Once she’d placed the stars on one screen, she used a computer program to help her identify which constellation, if any, the stars could be a part of. Unfortunately there were dozens of potential constellations.
“Because we don’t have enough data,” she thought, wincing inside. The more victims, the more clues left behind. Eventually, if the stars were part of an astrological grouping, they would be identified, just like, given enough letters in the message, the police would be able to figure out what the killer was trying to say.
Given enough time, enough letters and enough dead women.

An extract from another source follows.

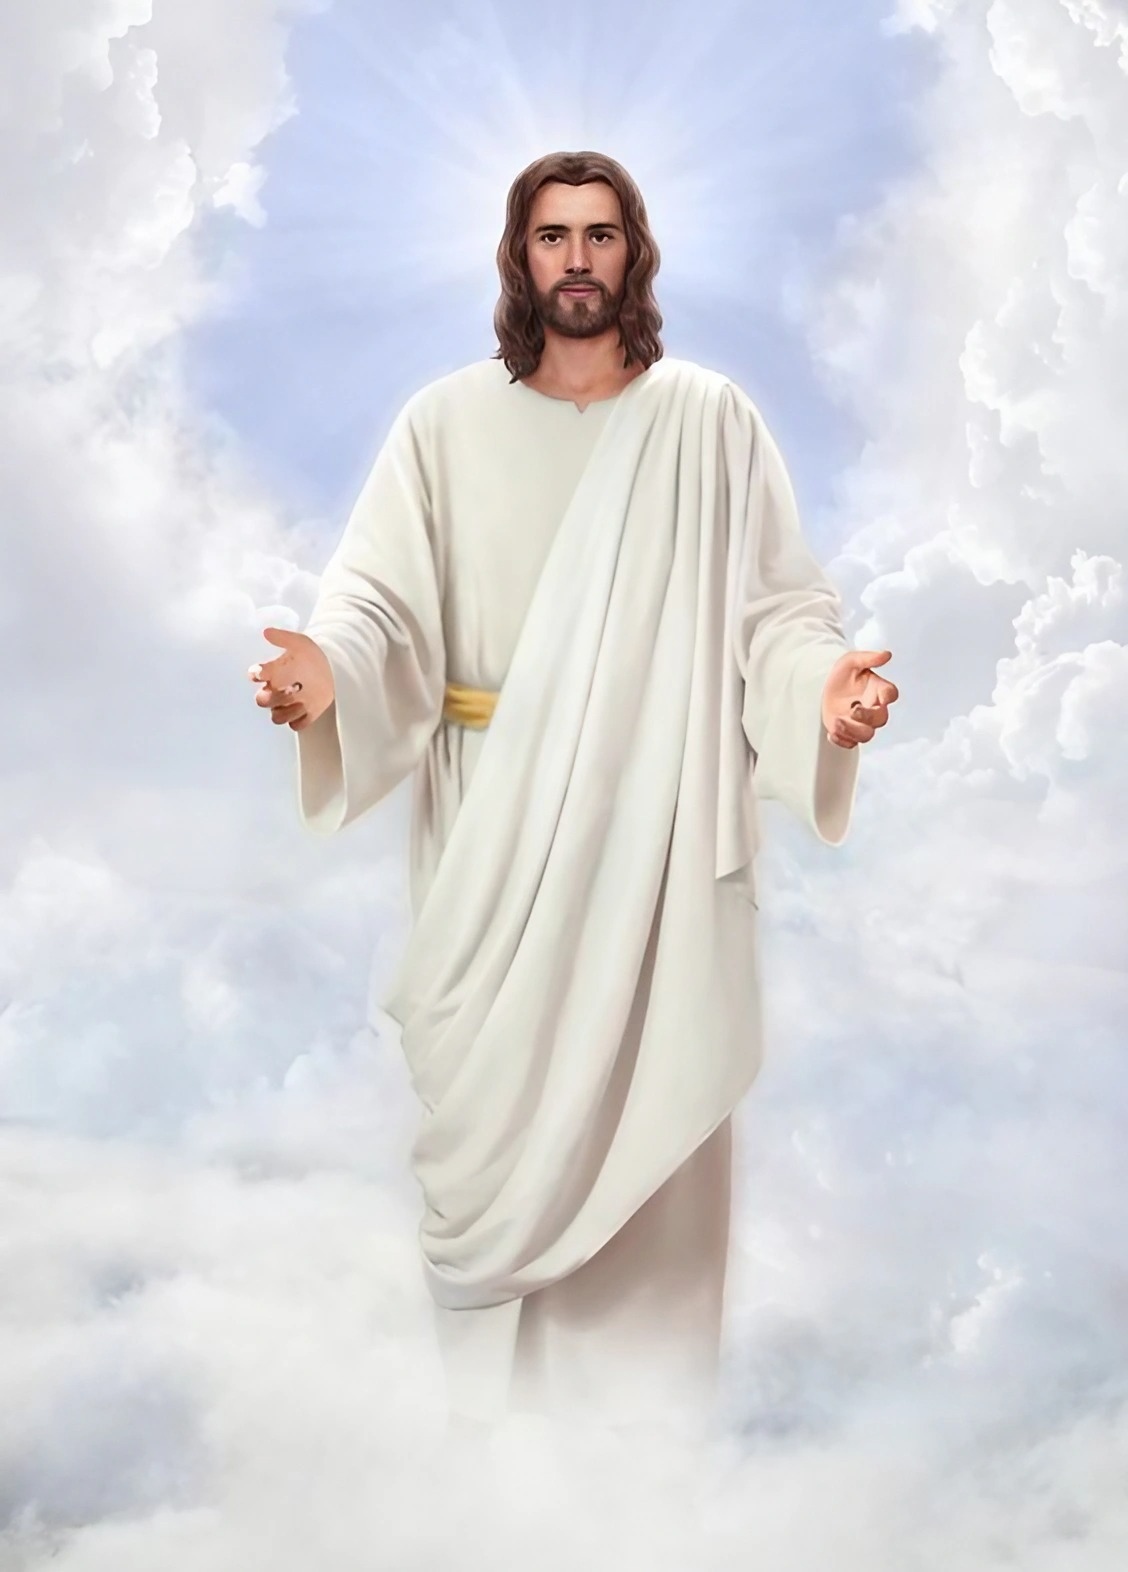 Yeshu Masih - Jesus Standing On Clouds

“Damn,” she muttered, pushing her chair back from the desk. It was all so sick. For the first time since walking into the nearly deserted room, she heard the sound of music drifting from the speakers. The notes of “Let It Snow” wafted around her and she almost laughed at the absurdity of the situation as she heard Bing Crosby’s voice croon the final words of the song.
She glanced through the windows to the white parking lot. Yeah, the weather outside was sure as hell frightful, but there wasn’t anything the least bit cozy or warm about being in the office at Christmastime.
Balanced against the counter, Jillian observed MacGregor as he went through the motions of making coffee “the old-fashioned way.” He started by tossing some ground coffee into a lined basket that he balanced over the glass pot from the coffeemaker. Then he grabbed a tiny saucepan, dipped it into the hot water in the pot on the stove, and poured slowly streaming scalding water through the ground beans and filter.
Within seconds, dark liquid dripped into the waiting pot.
“Camp coffee,” she said as the scent of brewing coffee filled the room.
He glanced over his shoulder at her, a spark of humor in his eyes. “I do this on the trail a lot. It impresses all the city women.”
“Of course it does,” she said, and couldn’t help but smile. “I’m impressed.”
He chuckled and for the first time she saw a different side to this intense man.